Uluslararası ve yerel Covid-19 yönergelerine uygun olarak arkeoloji, antropoloji ve kimliklendirme çalışmalarına 3 Mart 2021 gününe kadar kısmi olarak ara verildiğini ifade eden Müftüzade, bu dönemde bir çok çalışanın evden arşiv okuma, raporları değerlendirme gibi görevlere devam ettiğini söyledi.
Kayıp Şahıslar Komitesi’nin şu andaki çalışmaları ile ilgili güncel bilgiler veren Müftüzade, Covid-19 önlemleri çerçevesinde tam zamanlı olarak bütün birimleriyle çalışmaya devam ettiklerini kaydetti.
“Yüksek sıcaklık saha çalışmalarını etkiliyor”
Müftüzade son dönemlerde yüksek hava sıcaklıklarının arkeologların çalışmalarını etkilediğini, AB standartlarına uygun şekilde sıcaklık stres kodunun uygulandığını ve sıcaklık çok yüksek iken arkeologların saha çalışmalarına ara verip ofislerde bulunduğunu da anlattı.
Müftüzade, araştırma ekiplerinin antropoloji, kimliklendirme birimlerinde tam zamanlı olarak çalışmalarını sürdürdüğünü de belirtti.
“Toplam 7 yerde kazı yapılıyor; 9 kişiye ulaşıldı”
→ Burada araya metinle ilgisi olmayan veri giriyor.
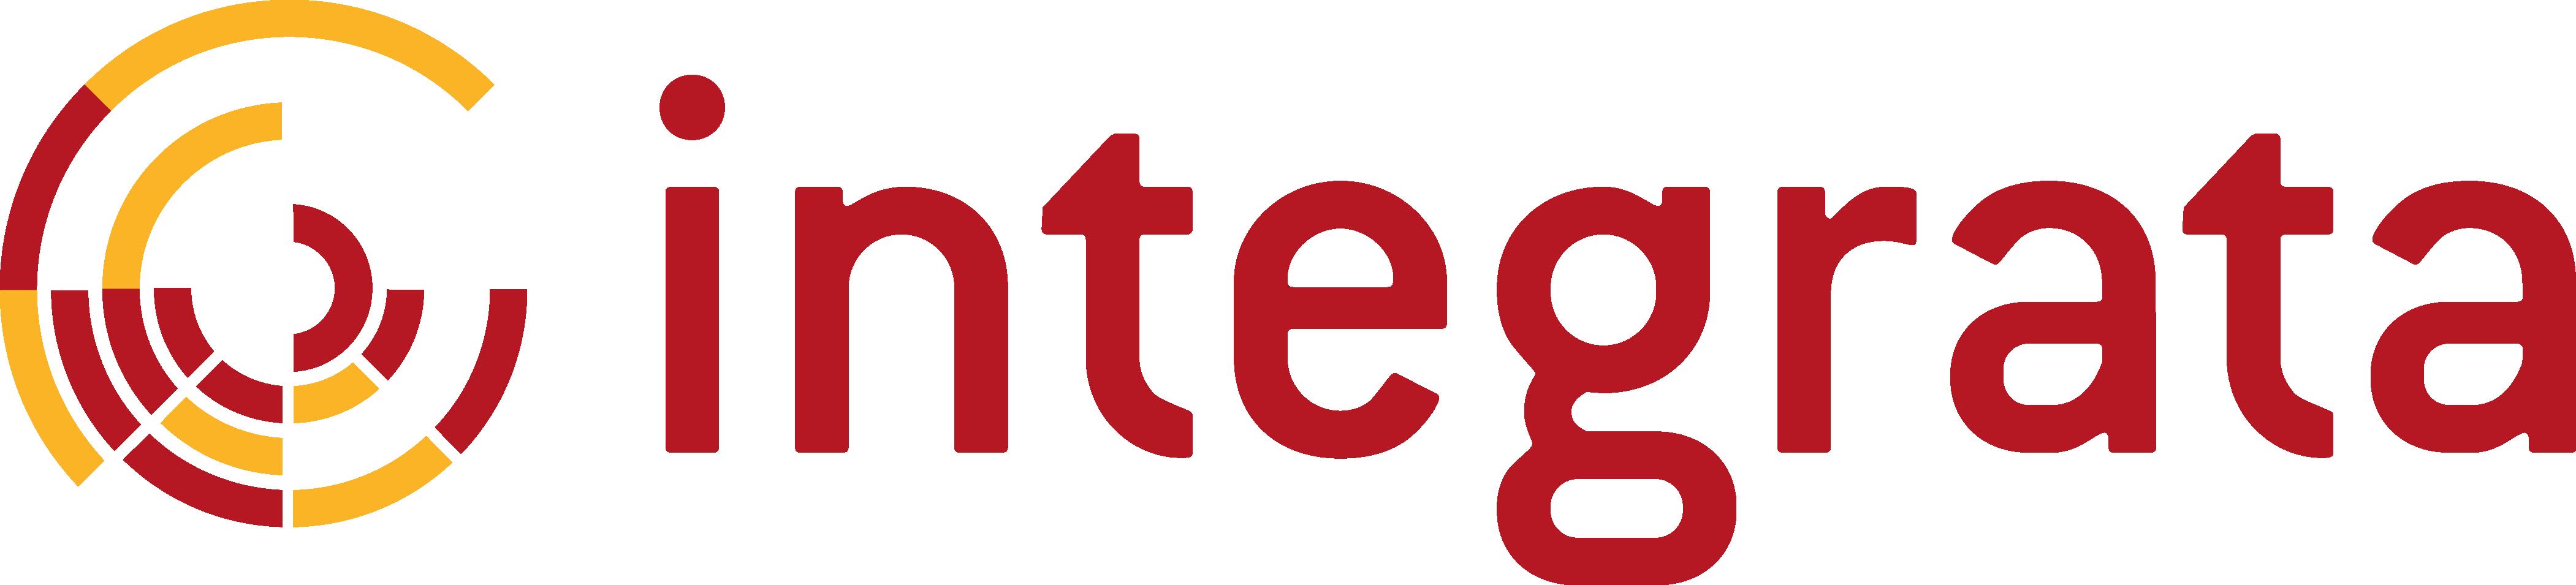 logo-integrata

Bu süreçte toplan 56 kazı yapıldığını, kayıp 9 kişiye ulaşıldığını belirten Müftüzade, 1 tanesi askeri bölge, 1 tanesi Güney Kıbrıs’ta olmak üzere toplamda 7 yerde kazı yapıldığını söyledi; bu yerleri, Yeşilırmak, Mehmetcik, Gönyeli, Zeytinlik, Tuzla, Meriç ve Güney Lefkoşa Kaymaklı bölgeleri olarak sıraladı.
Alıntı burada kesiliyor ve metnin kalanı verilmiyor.